Dismissing for Poor Performance in Malaysia: Warnings, PIPs & Proof
Poor Performance Dismissals: What the Industrial Court Expects Employers to Prove
A poor performance dismissal will only be upheld in Malaysia if the employer proves that the employee was made aware of the required standards, was warned of the shortfalls, and was given a sufficient and genuine opportunity to improve before termination.
What is the legal test for performance dismissals?
The Industrial Court consistently applies a three-limb test: the employee was informed of the required performance standards; the employee was warned that performance fell short; and the employee was given sufficient opportunity to improve, with assistance where appropriate. Only if performance still does not improve will dismissal constitute just cause or excuse.
Unlike misconduct, poor performance is rarely a single event — so the evidential burden is met through a paper trail built over months, not a single termination letter.
How should a performance improvement plan be structured?

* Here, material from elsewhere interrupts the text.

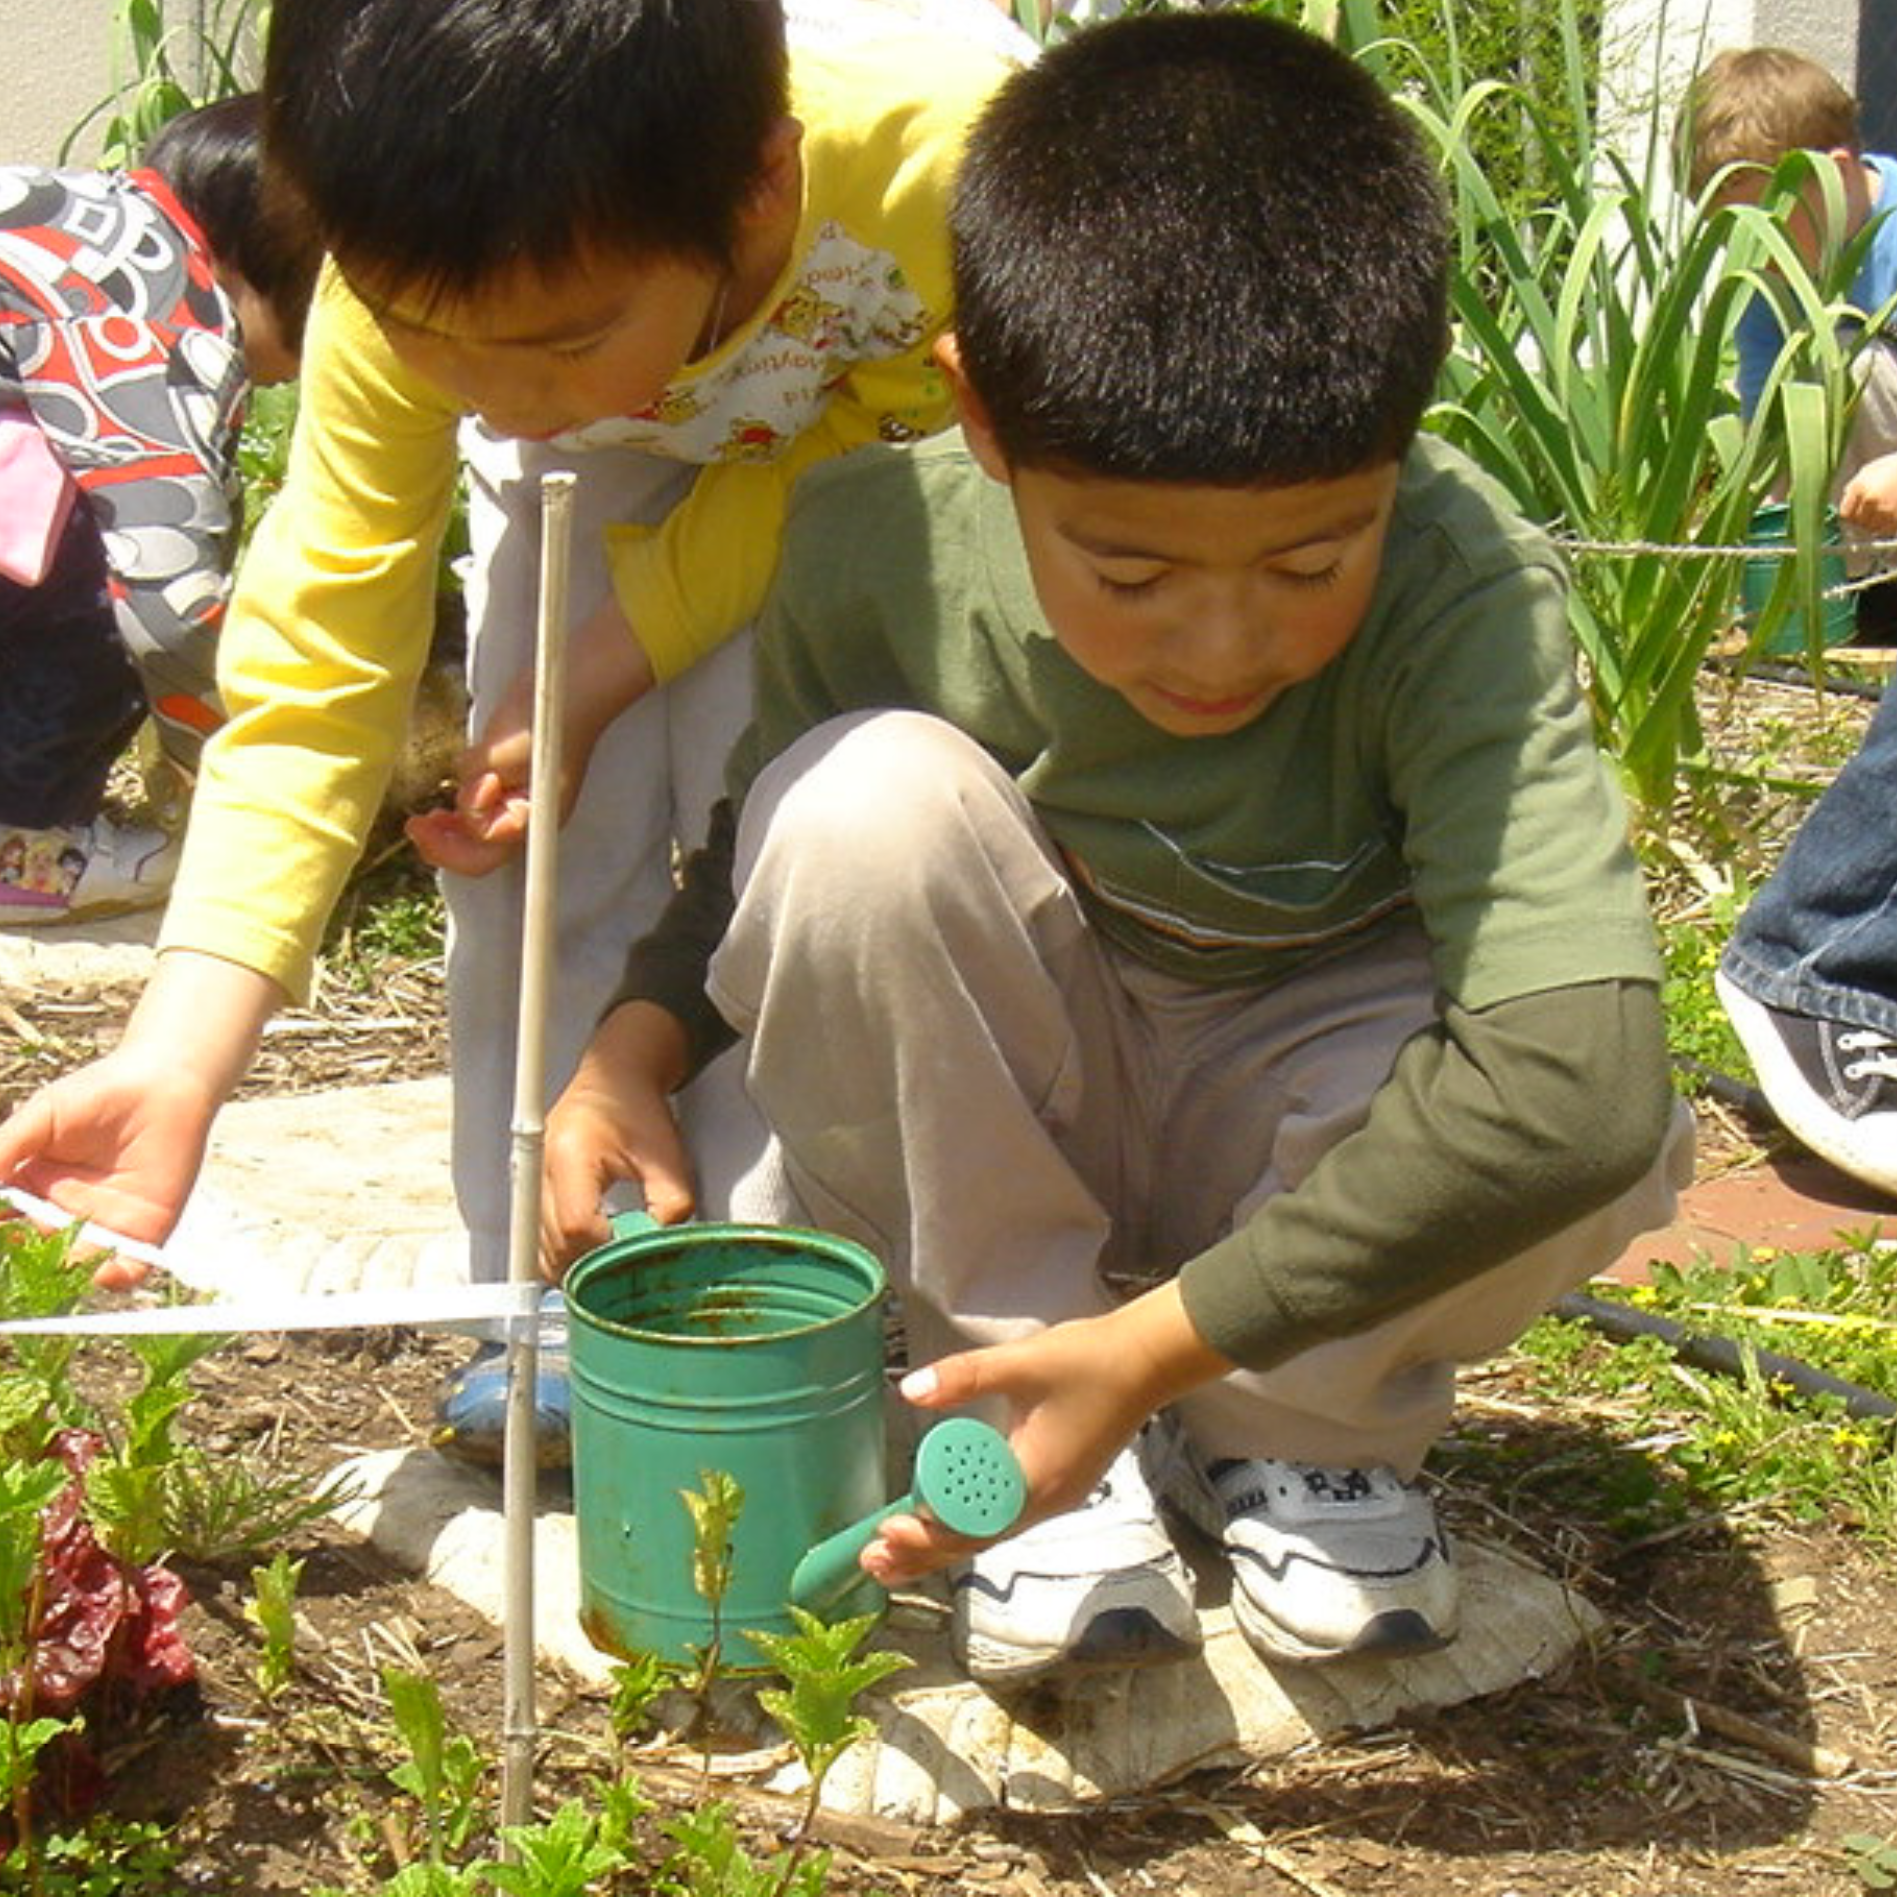 Children gardening together.

A defensible PIP states the specific deficiencies with examples, sets measurable targets, fixes a realistic duration (commonly 3 months, scaled to the role), identifies support such as training or supervision, schedules review checkpoints, and warns expressly that failure may result in termination.
Two design errors recur in litigated cases: targets that are new or higher than those applied to peers (which suggests a set-up to fail), and PIP durations too short for the targets to be achievable. Both invite findings that the exercise was a sham.
What evidence wins or loses these cases?
Cases are won on contemporaneous appraisals, emails recording counselling sessions, warning letters and PIP review minutes. They are lost when the employee’s appraisal history is satisfactory, when bonuses or increments were paid during the alleged underperformance, or when the dismissal follows shortly after a protected act such as a grievance or whistleblowing report.
Where performance issues stem from redundancy of skills rather than effort, employers should consider redeployment or retrenchment routes instead — mislabelling the true reason is itself a ground for finding the dismissal unfair, since the employer is bound by the reason it advances (Goon Kwee Phoy v J & P Coats (M) Bhd).
Key Takeaways for Employers
- Prove standards, warnings and a genuine opportunity to improve — all three limbs.
- PIPs need measurable targets, realistic timelines, support and an express warning of consequences.
- Inconsistent records (good appraisals, bonuses, increments) destroy performance cases.
- Do not disguise other reasons as poor performance; the employer is bound by the reason it pleads.
- Keep the process humane and documented — counselling notes are evidence, not bureaucracy.
Frequently Asked Questions
How long should a performance improvement plan run?
There is no statutory period. The Industrial Court asks whether the opportunity was sufficient and genuine — commonly around 3 months, adjusted to the seniority of the role and nature of the targets.
Can an employer dismiss for poor performance without any PIP?
It is possible but risky. The employer must still prove warnings and opportunity to improve by other means. A structured PIP is the clearest evidence of both.
Is poor performance misconduct? No. Poor performance (incapability) is conceptually distinct from misconduct, and the processes differ — performance requires warnings and improvement opportunity rather than a domestic inquiry, although serious negligence can amount to misconduct.